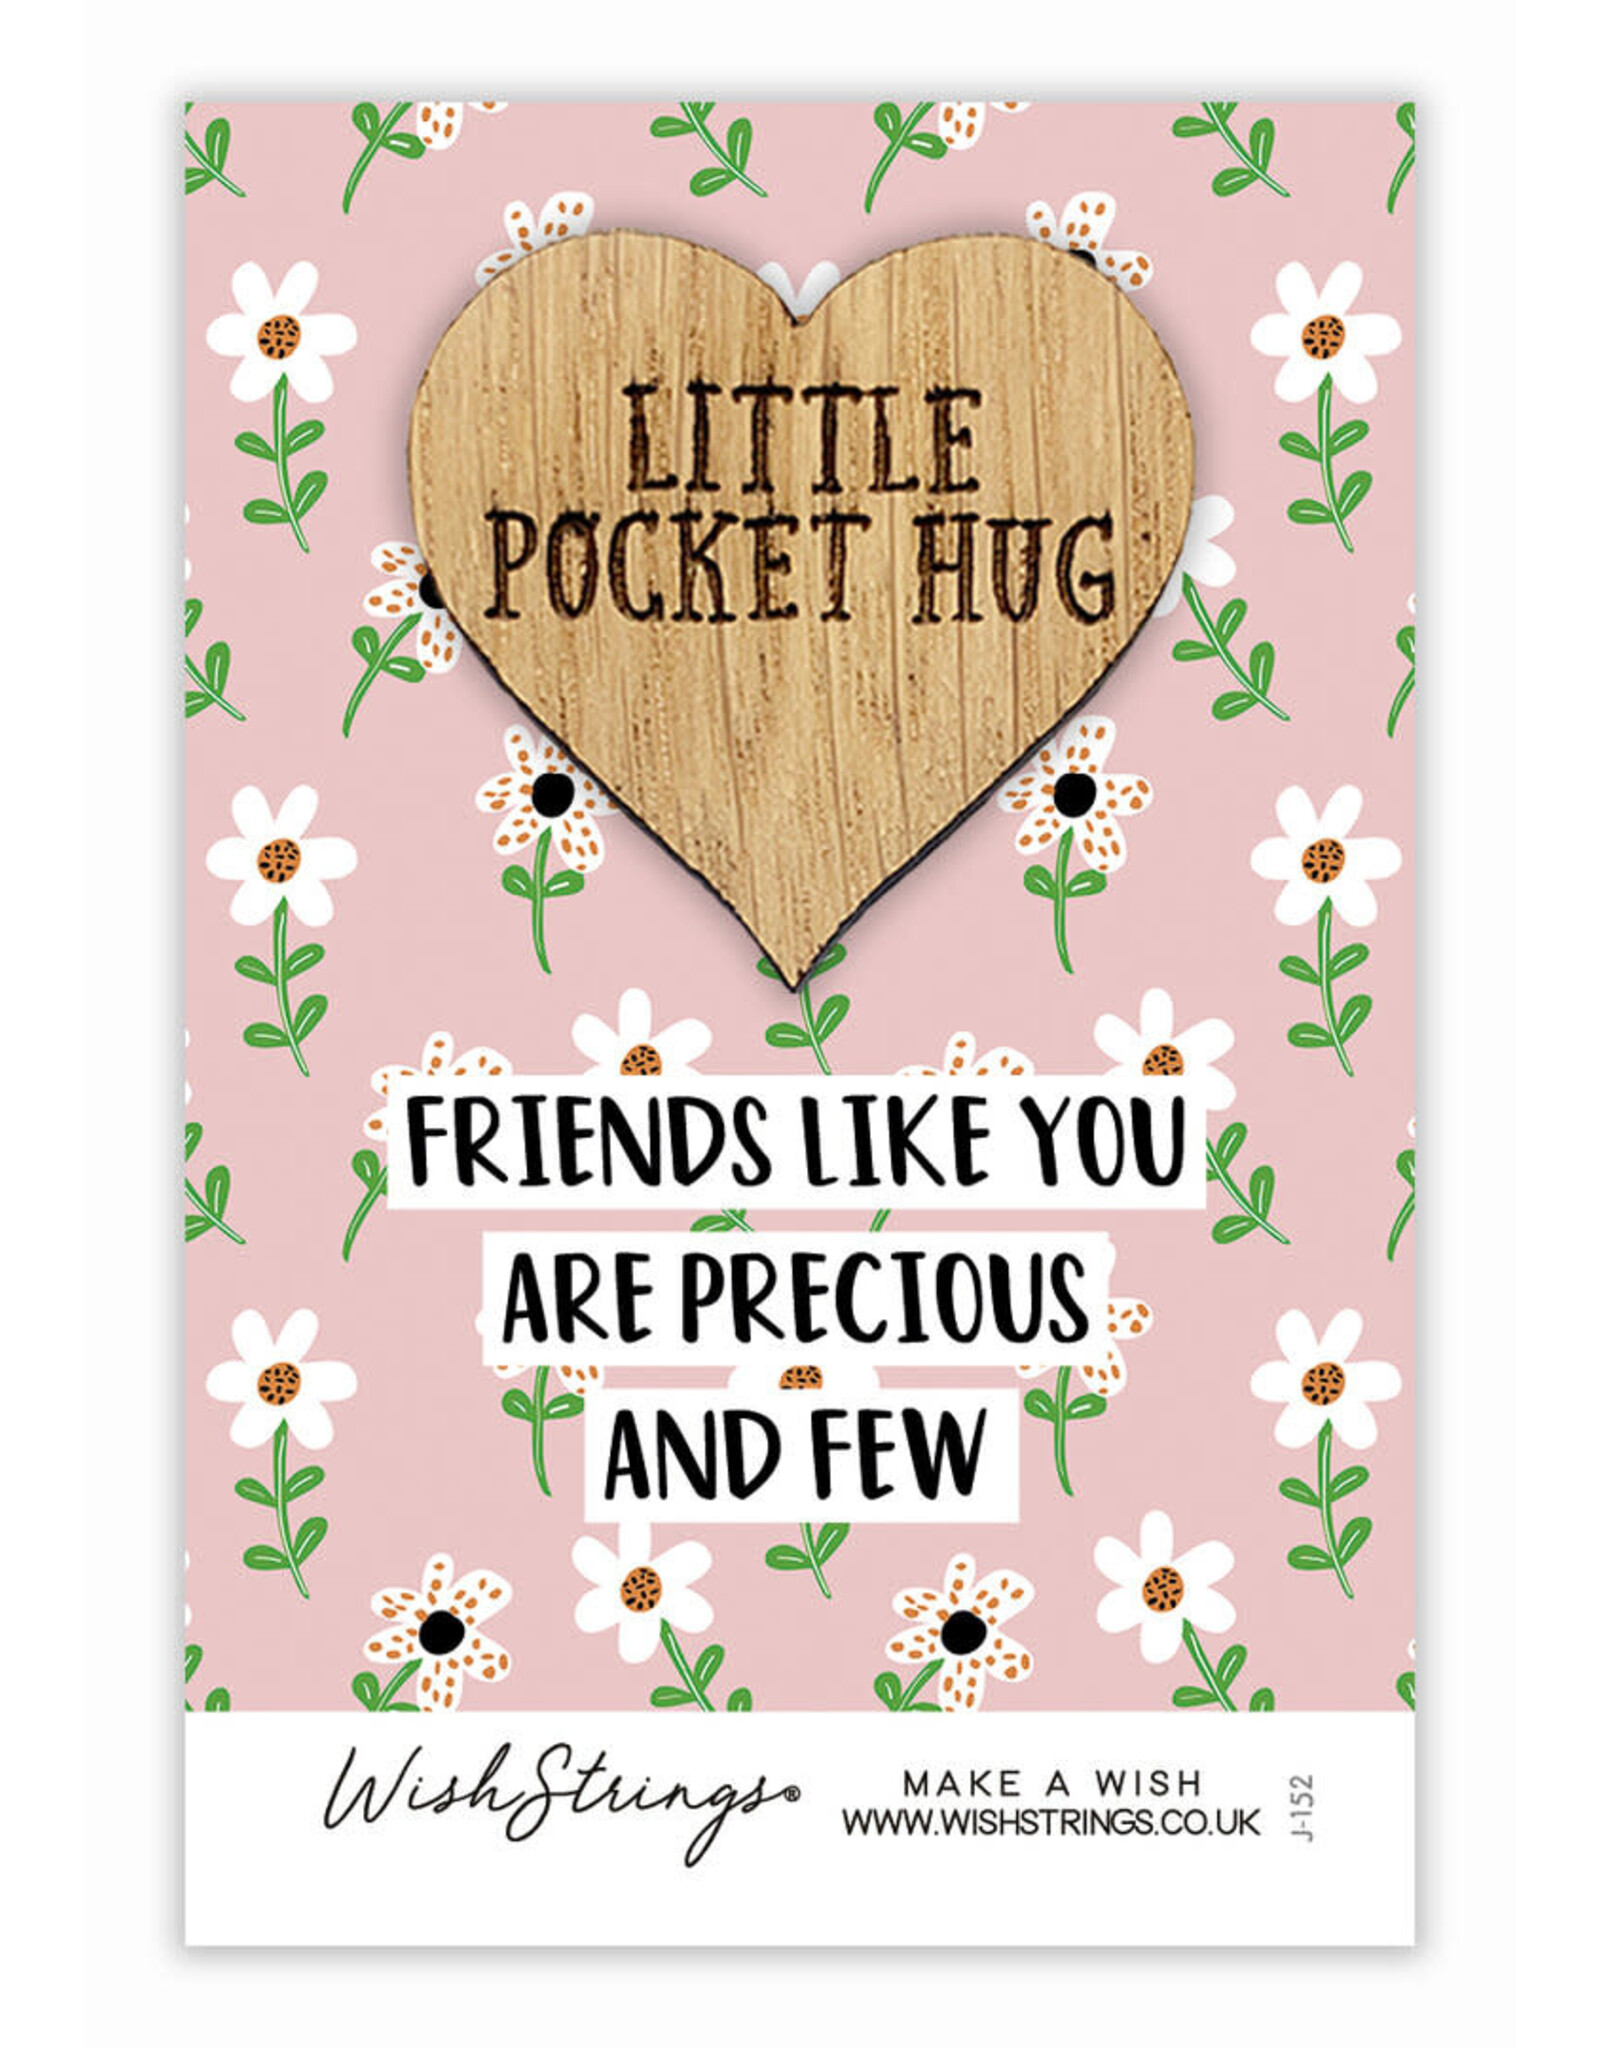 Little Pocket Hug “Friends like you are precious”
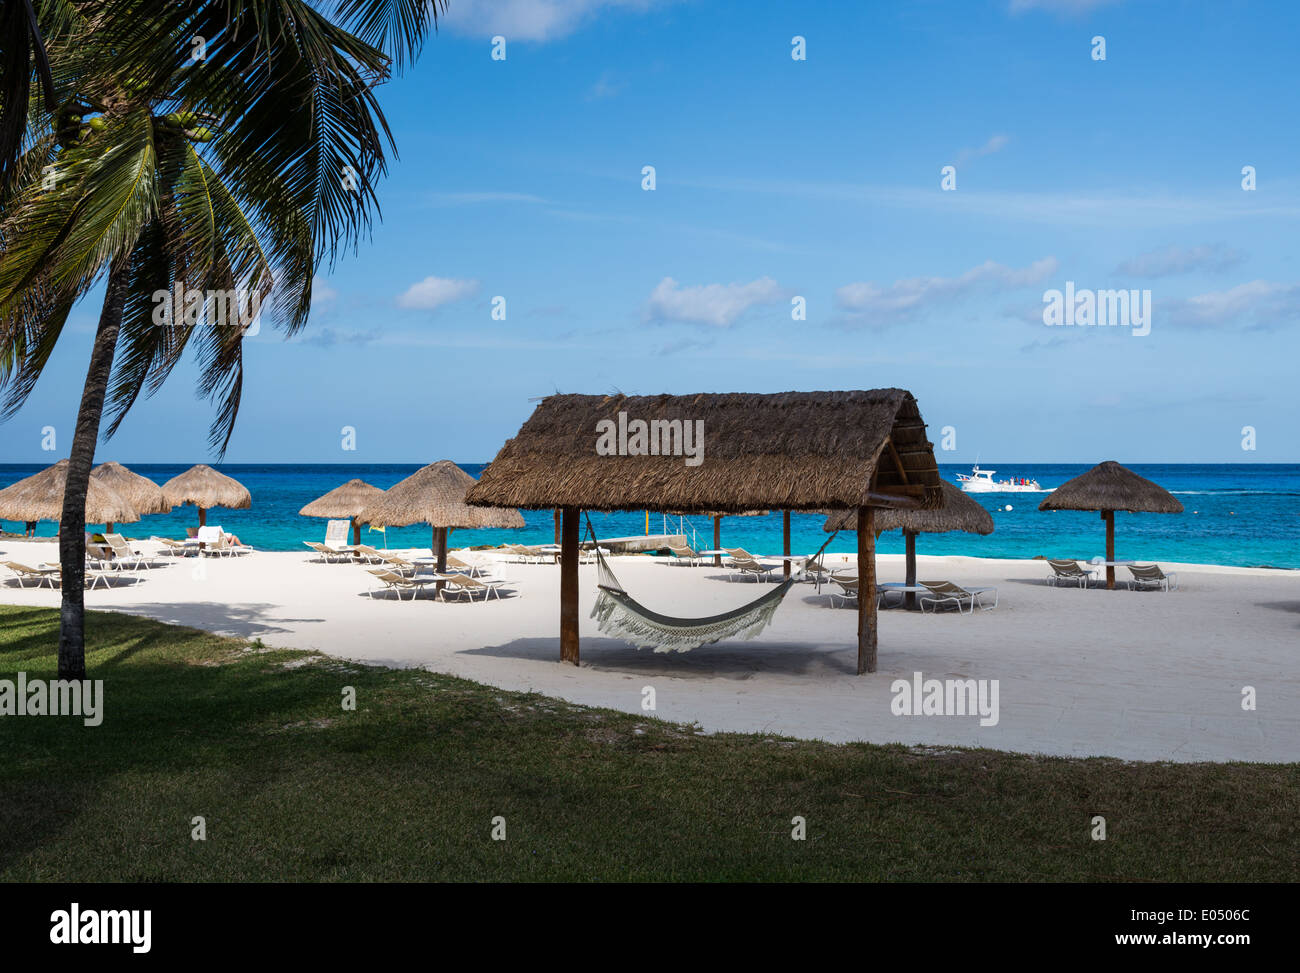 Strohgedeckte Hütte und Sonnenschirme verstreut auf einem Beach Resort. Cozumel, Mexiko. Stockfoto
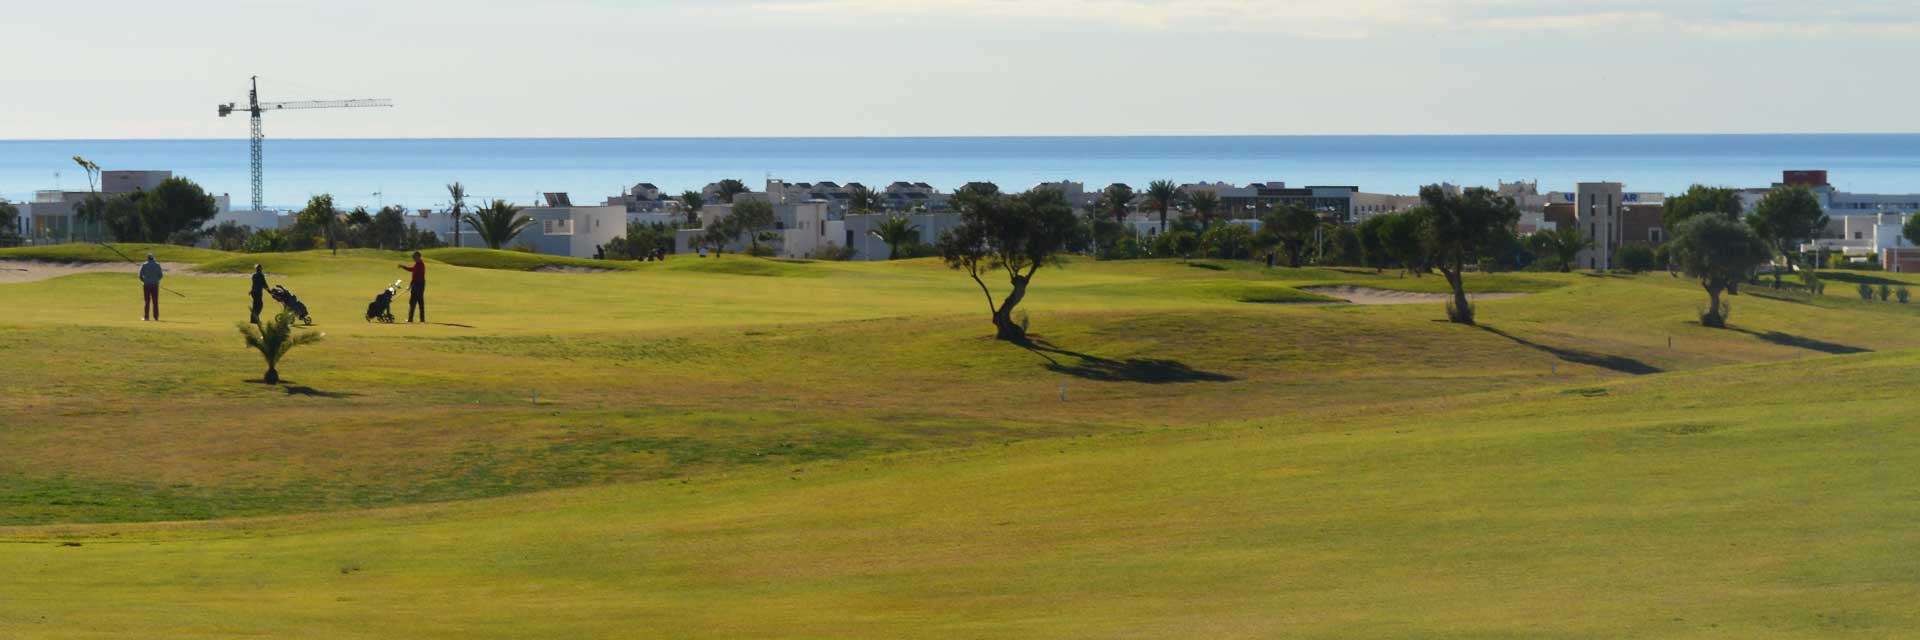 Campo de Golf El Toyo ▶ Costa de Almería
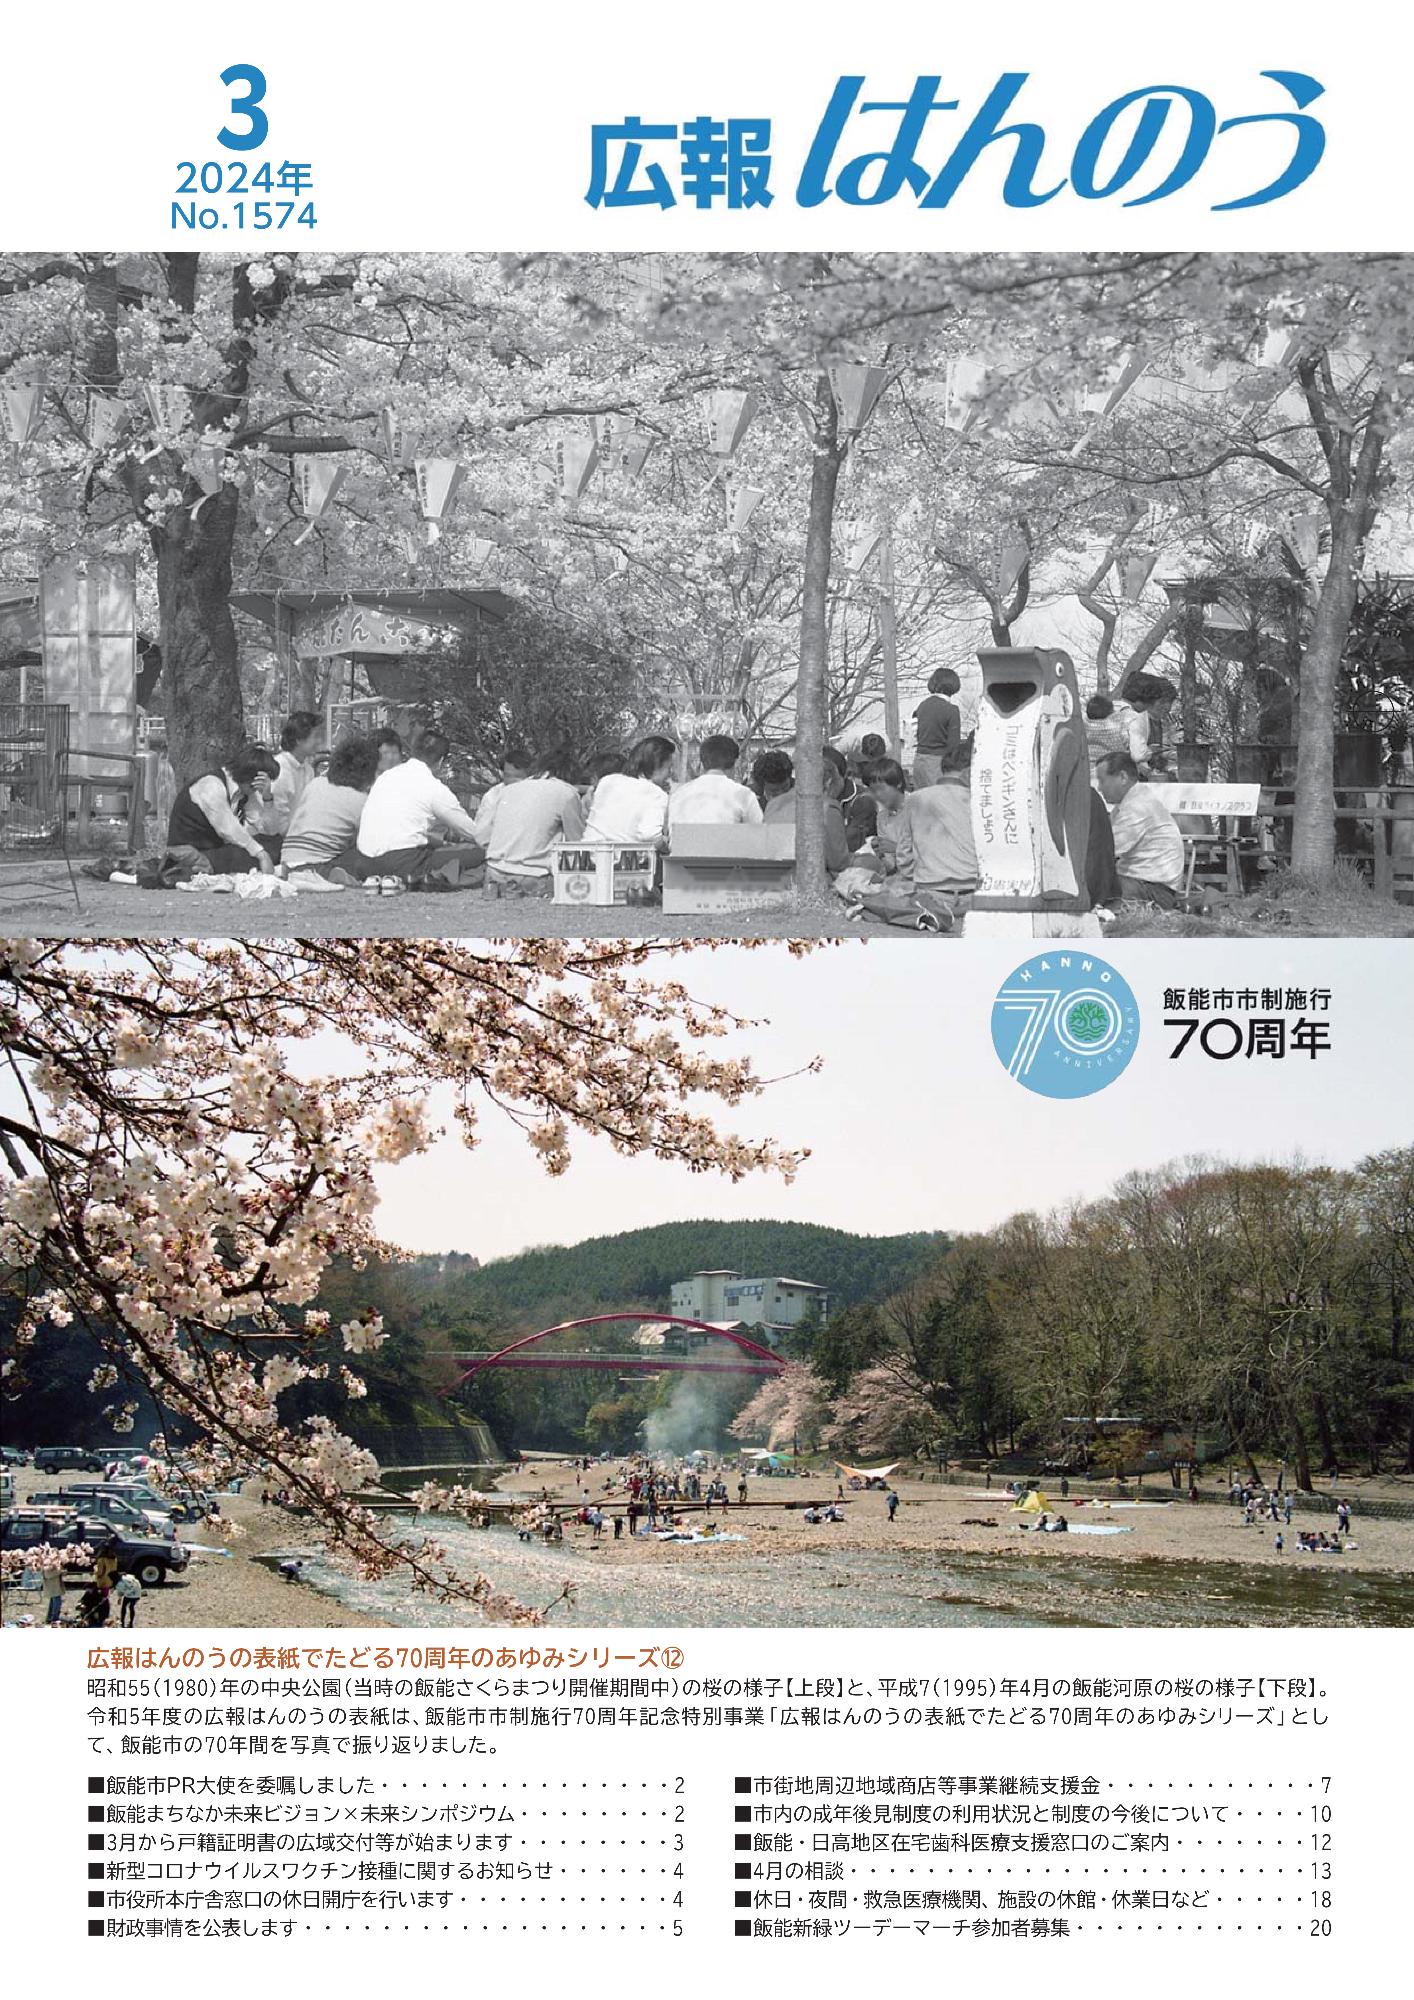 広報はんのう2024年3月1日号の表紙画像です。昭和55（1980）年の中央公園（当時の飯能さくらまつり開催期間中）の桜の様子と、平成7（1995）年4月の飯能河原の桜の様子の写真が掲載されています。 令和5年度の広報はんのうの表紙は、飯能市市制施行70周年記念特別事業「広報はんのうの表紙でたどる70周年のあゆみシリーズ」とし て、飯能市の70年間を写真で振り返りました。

### Work item
The line containing "Campo de Golf El Toyo ▶ Costa de Almería" and each line after it through the end of the listing above are to be written out exactly, without the pictures.

### Output below
 Campo de Golf El Toyo ▶ Costa de Almería
 広報はんのう2024年3月1日号の表紙画像です。昭和55（1980）年の中央公園（当時の飯能さくらまつり開催期間中）の桜の様子と、平成7（1995）年4月の飯能河原の桜の様子の写真が掲載されています。 令和5年度の広報はんのうの表紙は、飯能市市制施行70周年記念特別事業「広報はんのうの表紙でたどる70周年のあゆみシリーズ」とし て、飯能市の70年間を写真で振り返りました。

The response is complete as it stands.